Much of human physiology is controlled by electrical stimulation of and by the nerves. Although electronic implants that replace natural stimulation of muscles and nerves, such as the cardiac pacemaker and vagus nerve stimulator, offer a unique means for treating certain diseases for which no other effective therapy exists, many of their complications, such as harmful immune responses and unsustainable power requirements, preclude the development of a lifetime solution. To radically resolve the debilitating issues associated with these electronic neural implants, this CAREER project proposes a new neural implant technology using the patient's own cells. As a proof of concept, this project will create an entirely new type of circuit design, called a multicellular biological neural pacemaker (BNP). The BNP will use cardiomyocytes, the muscle cells that control the beating properties of the heart, as the power source and signal generator. The "generator" will stimulate motor neurons, which in turn can excite muscle cells. The core problem of this design is obtaining synchronized rhythmic activity between the motor neurons and the cardiomyocytes. To establish feasibility, this "wiring" problem will be addressed by genetically engineering functional channels, called gap junctions, between the cell types while they are cultured together. If successful, this transformative technology can be extended broadly to applications ranging from the development of a biological heart pacemaker, to treatment for Parkinson's disease, and to muscle stimulation. Complementary to the research goal, this project will carry out a diversified series of educational activities, including building a competitive interdisciplinary research team, organizing a campuswide Neuroengineering Journal Club and a Neurotechnology Seminar Series, and organizing an annual symposium on biocircuits at the Materials Research Society Spring Meetings.

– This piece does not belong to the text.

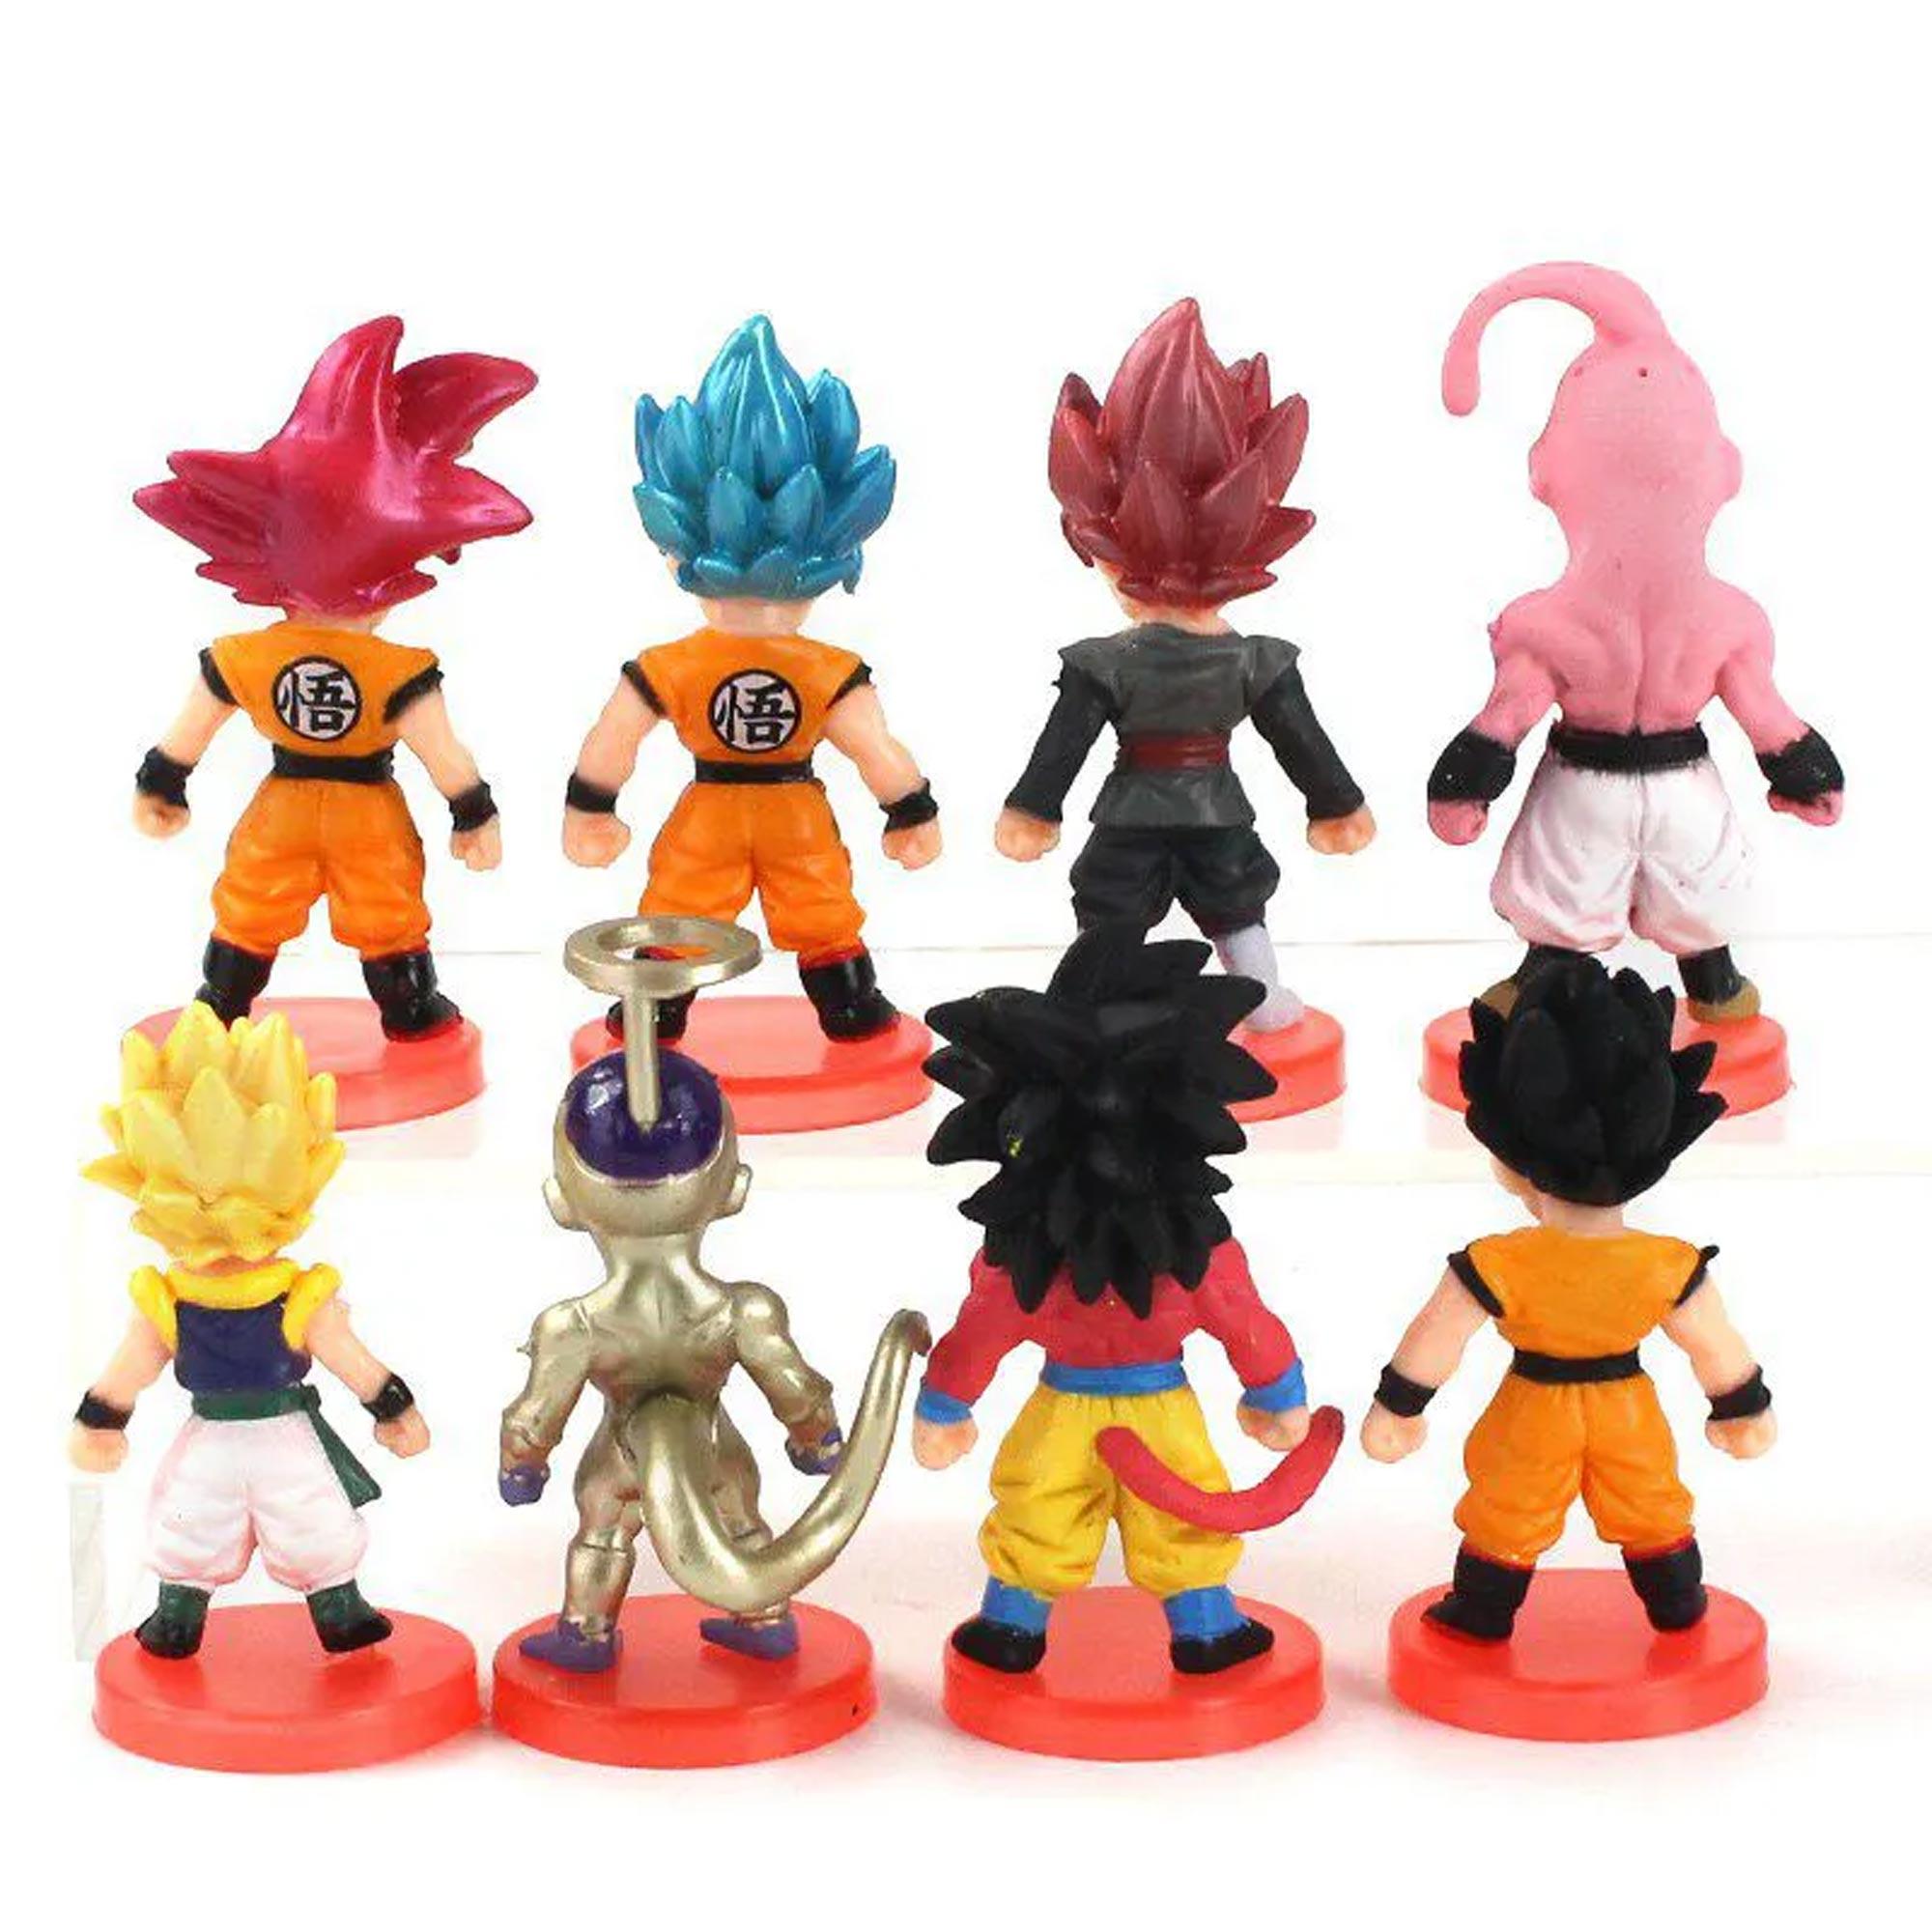 Gotenks - Dragon Ball Z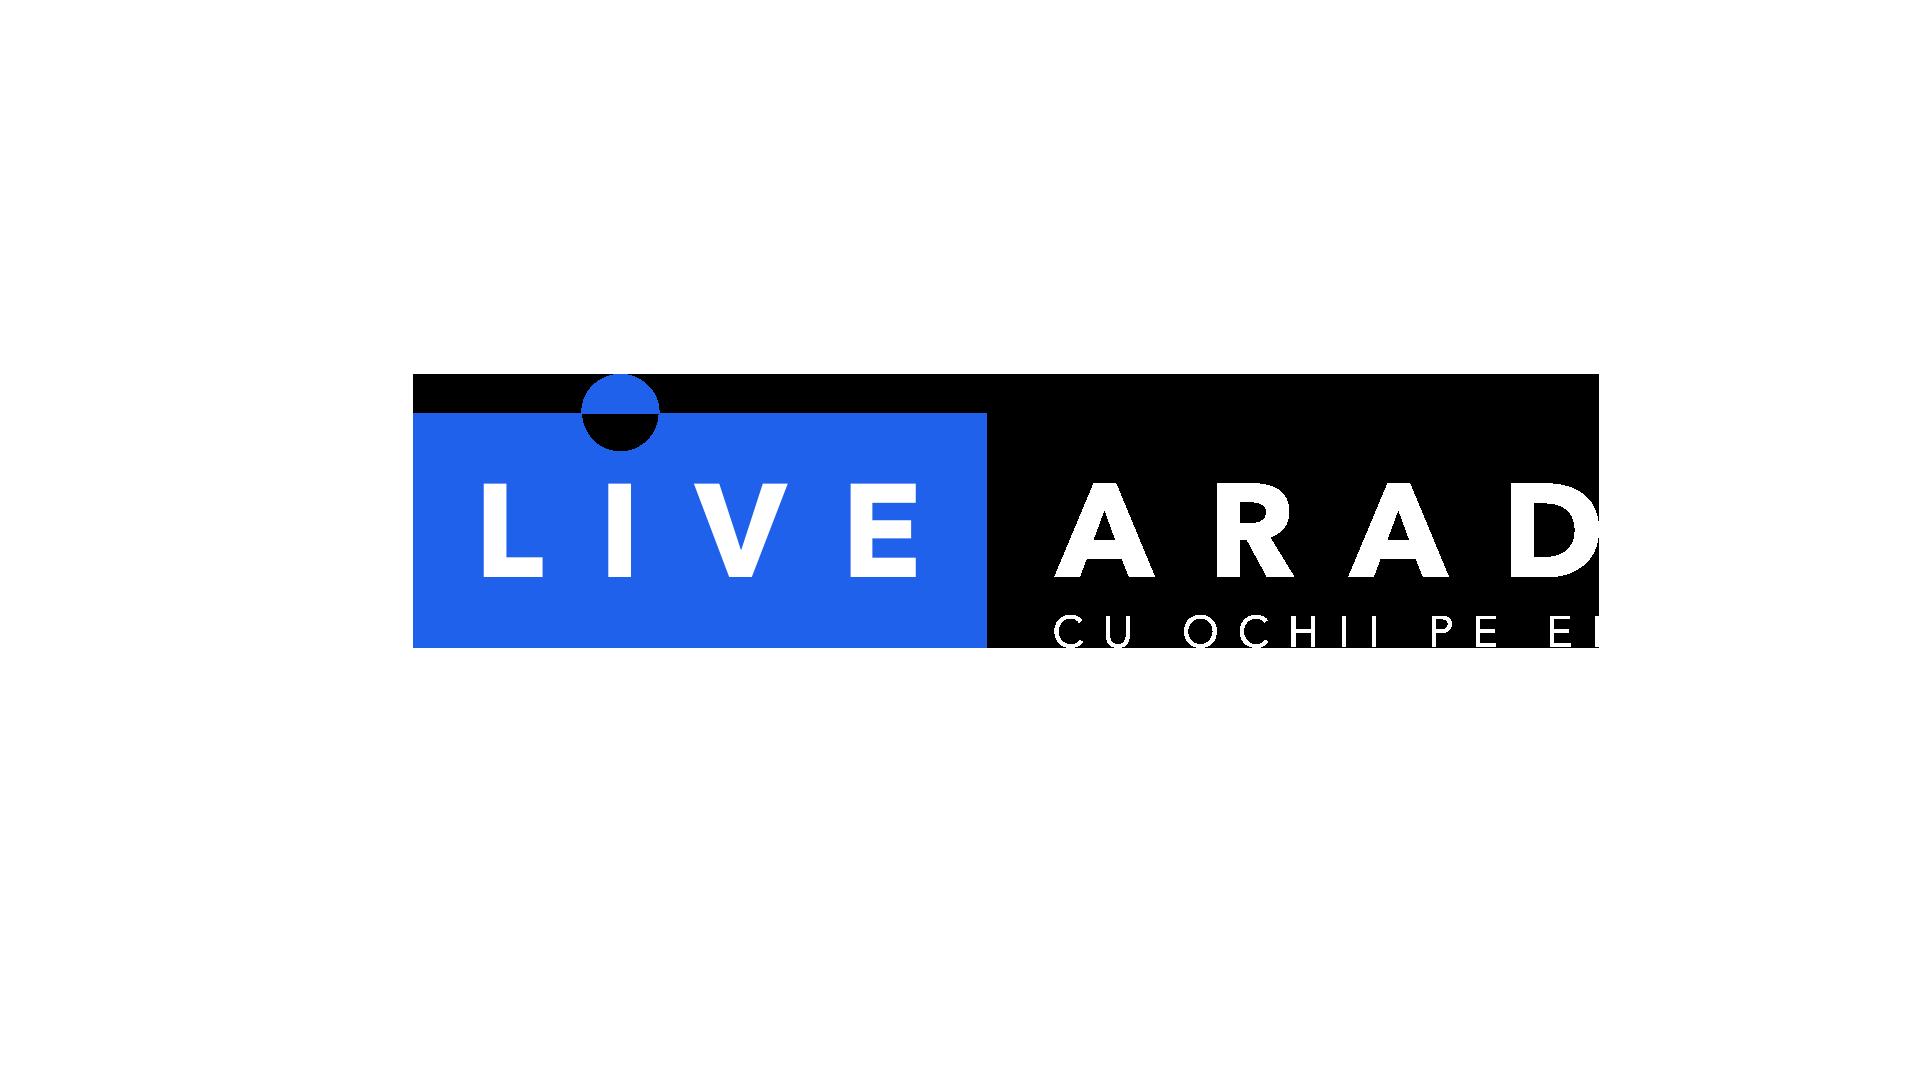 Direct Arad

As part of the long-term career goal to establish a research program on the science and engineering of autologous neural implant technology toward the ultimate substitution for electronic neural implants, the focus of this project is to prove this concept through an example biocircuit design of multicellular biological neural pacemaker (BNP). The feasibility for such a design will be investigated using an in vitro coculture system designed to validate the hypothesis that motor neurons can be electrically synchronized to cardiomyocytes via genetically engineered gap junctions. Specifically, this project will: (1) study how cardiomyocytes and motor neurons adapt to a coculture; (2) form functional gap junctions among motor neurons and cardiomyocytes using lentiviral transduction; and (3) recapitulate the results with hiPSC-derived motor neurons and cardiomyocytes. This work will lay the foundation for building this multicellular BNP. Here, in vitro demonstration of intercellular functional wiring for the design of the BNP as an example living implant suggests the possible application of autologous neural implants for medical treatment. Furthermore, this approach of engineering cellular inputs/outputs (I/Os) for wiring atypical heterogeneous biocircuits will spark great interests in the scientific community for cellular I/O engineering and development of application-specific integrated biocircuits. With synthetic cells and specifically designed intercellular I/Os, it will be possible to build, from bottom up, more complex heterogeneous biocircuits of advanced functionalities, thus greatly expanding the engineering capability of biology for a variety of exciting applications.
This award reflects NSF's statutory mission and has been deemed worthy of support through evaluation using the Foundation's intellectual merit and broader impacts review criteria.